Of course, it was Albert Einstein who said those words.
The Gods are laughing hard at the shipwreck, crushed by its own mental inertia.
Please, do your homework, and open your mind. Your 'Gabbin' is potentially insulting.
Anon, your response, in addition to coming in triplicate, is spectacularly contradictory.
You probably didn't think so...but allow me to clear it up for you.
See, you go on and on about how I'm misinformed and shouldn't speak because my ignorance is offensive.
And then you go on to say that no one can ever know anything about God or the eternal, and so we should just respect that fact.
So, which is it? Do you know way more than me and pity my lack of reason? Or do you think that it's impossible to know anything of God, and so it's a fool's errand to try?

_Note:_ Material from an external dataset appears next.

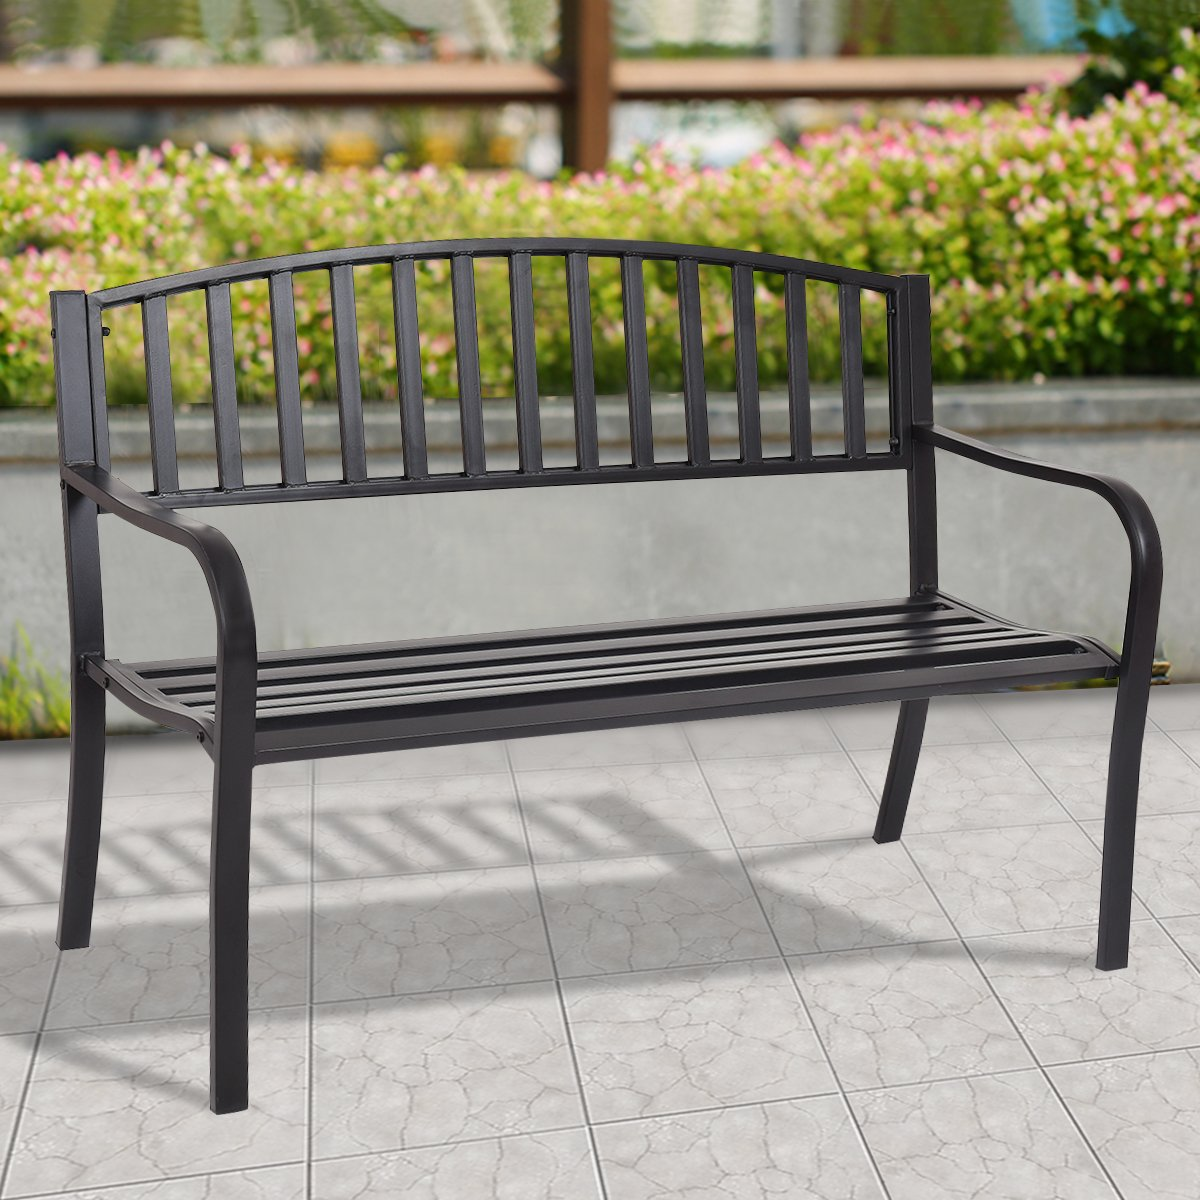 Giantex 50 Patio Garden Bench Loveseats Park Yard Furniture Decor Cast Iron Frame Black Black Style 2

Sort that out, try not to be so condescending, don't make fun of the blog name, start getting better at detecting headline Simpsons references, and come on back. How's that sound?
My response to anonymous is it's die not dice and second the universe strives for perfection in everything. This is not a difficult theory to understand. The universe wants everything to be perfect. Just look at some solar systems, galaxies, and what a hydrogen atom looks like and its pretty clear. Obviously sometimes perfection is difficult to come by but if we thought outside of our tiny little minds and for one second stop having such huge egos it would obvious that the universe as a whole its pretty damn perfect. Why do you think the universe is so beautiful? Why does chemistry and physics work so well? Not because of god. The only mistake I have noticed is us. Also when did it make more sense to believe in something you can't prove or see than not to believe in anything? Religion was created by the powerful to control the poor and less intelligent people of the world and its working pretty well.

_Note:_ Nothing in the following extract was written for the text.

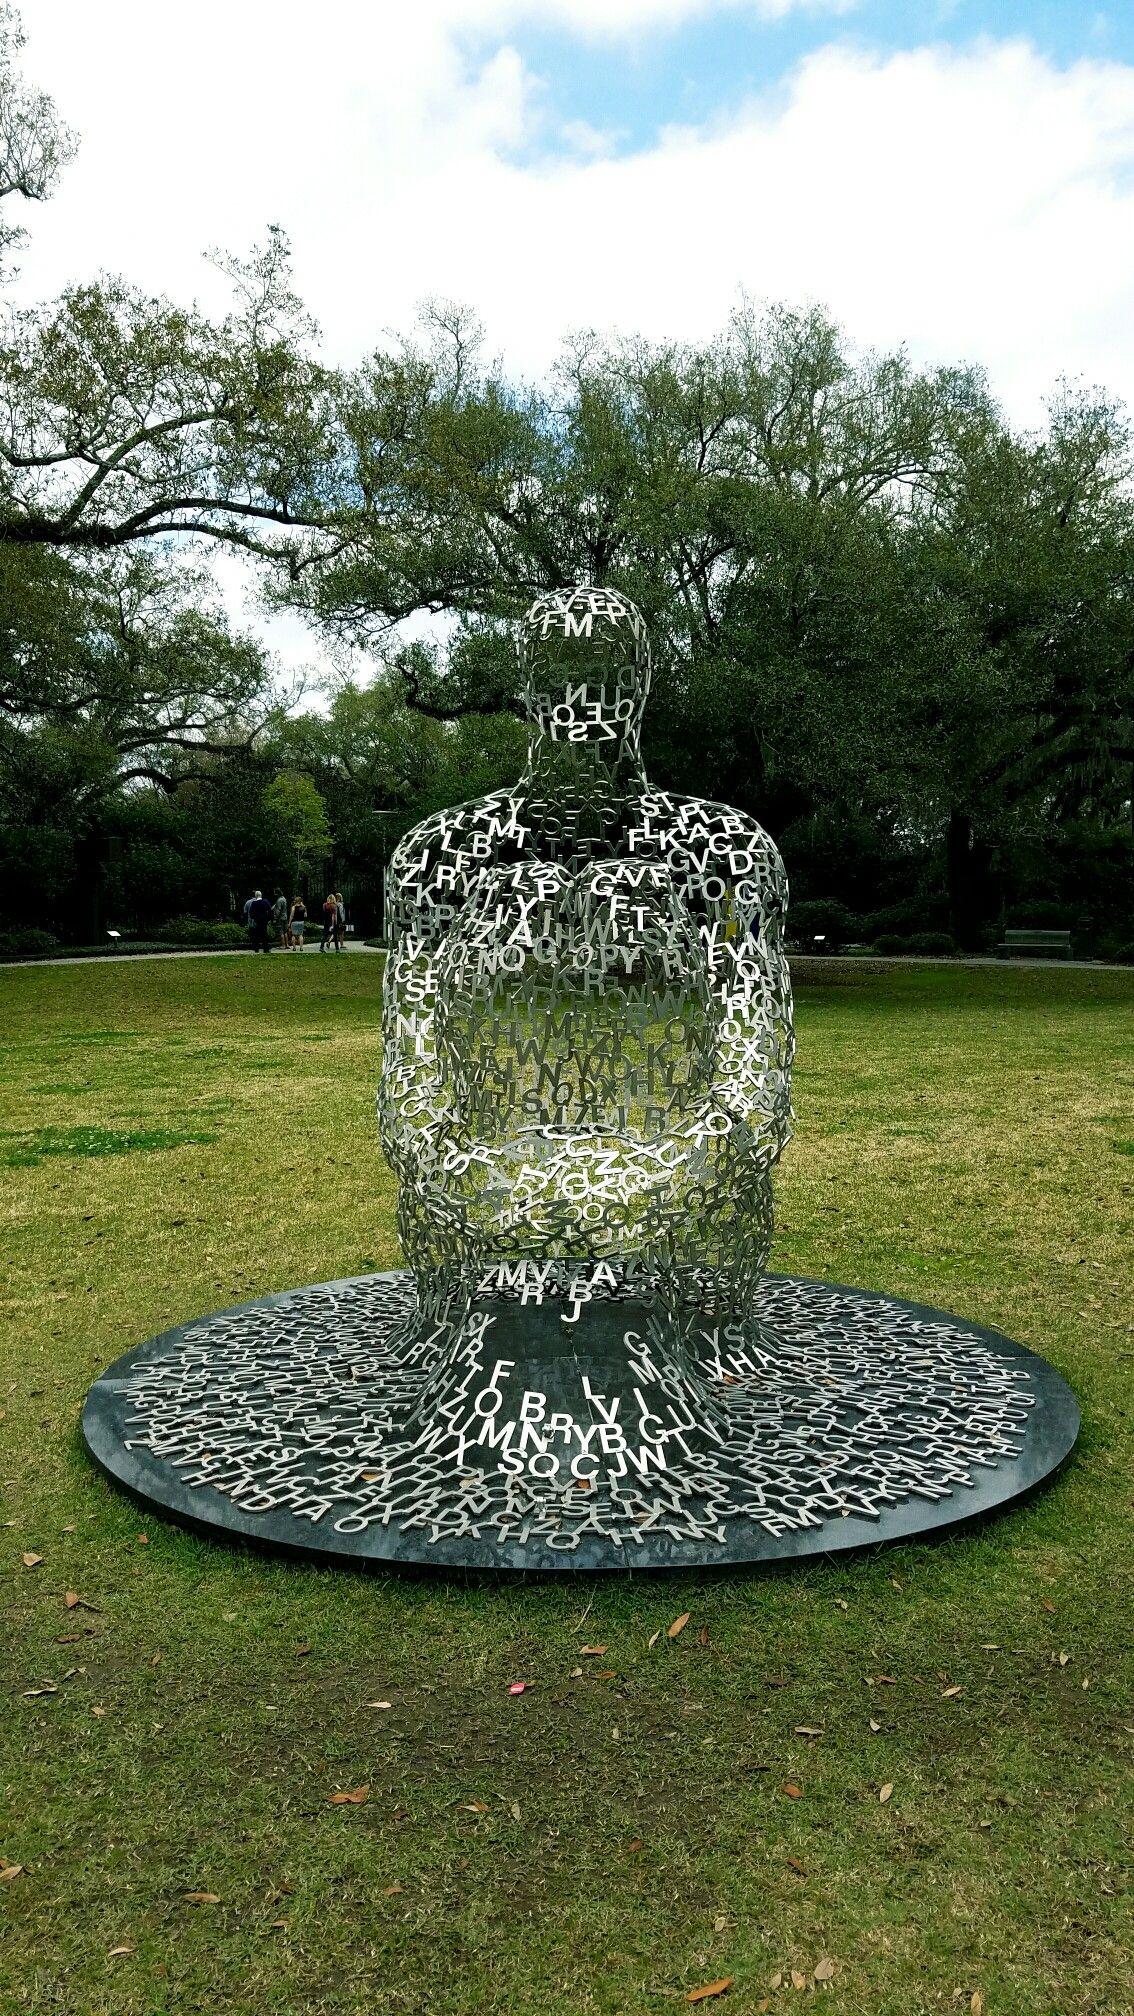 Sculpture Garden, New Orleans

I've often felt the only reason people believe in God is because of the utter hopelessness and confusion of the world we live in. Our lives make no sense whatsoever, so let's envision a dreamy place in our heads that we get to go to, assuming we say the right things here, where things will at some point make sense. I think a lot of people are afraid to say there is no God for the same reason. If there's no higher power with some higher purpose for the universe, then there really is no point to life. But I think that's just frame of mind. I definitely agree with Penn in his sentiment that atheism gives you vast amounts of hope--it just takes more work. Sure, it's frightening as hell to think you're on your own, but it's also humbling to think that you can create your own meaning, on this earth and in this lifetime, for your own individual existence. I think atheism provides a person with the objectivity to begin that task. It's less a rejection of God and more an acceptance of the realities of the world we find ourselves in.
This idea and the style-over-substance remarks of anonymous-man make me think of Deism, which is a belief system we desperately need rekindled in this country. Deists believe that the study of science and all things physical actually brings you closer to understanding the world--and thus, closer to God. Like you said, Lons, the human circulatory system is overwhelmingly complex. I think something like faith or the kind of ignorant practice of religion you referred to cheapens the staggering perfection of life because, like Penn says, it forces you to view these "miracles" through a particular lens. Or as is more common among religious folks, they are simply overlooked and taken for granted. I respect guys like Jefferson, Franklin and Paine because they strove to study and understand these complexities instead of just saying, "Yeah, life is amazing, huh? God is great! What? You don't believe in God? That means you think life is hollow and empty. God deserves more respect! You're going to hell. Joke's on you, heathen!"
Kaz, that's far too well-reasoned and thoughtful a response for a blog post. You should just compile a few Einstein quotes and type "So there...OMFG you r teh sux0rs..." if you want to fit in on the Intar-Web.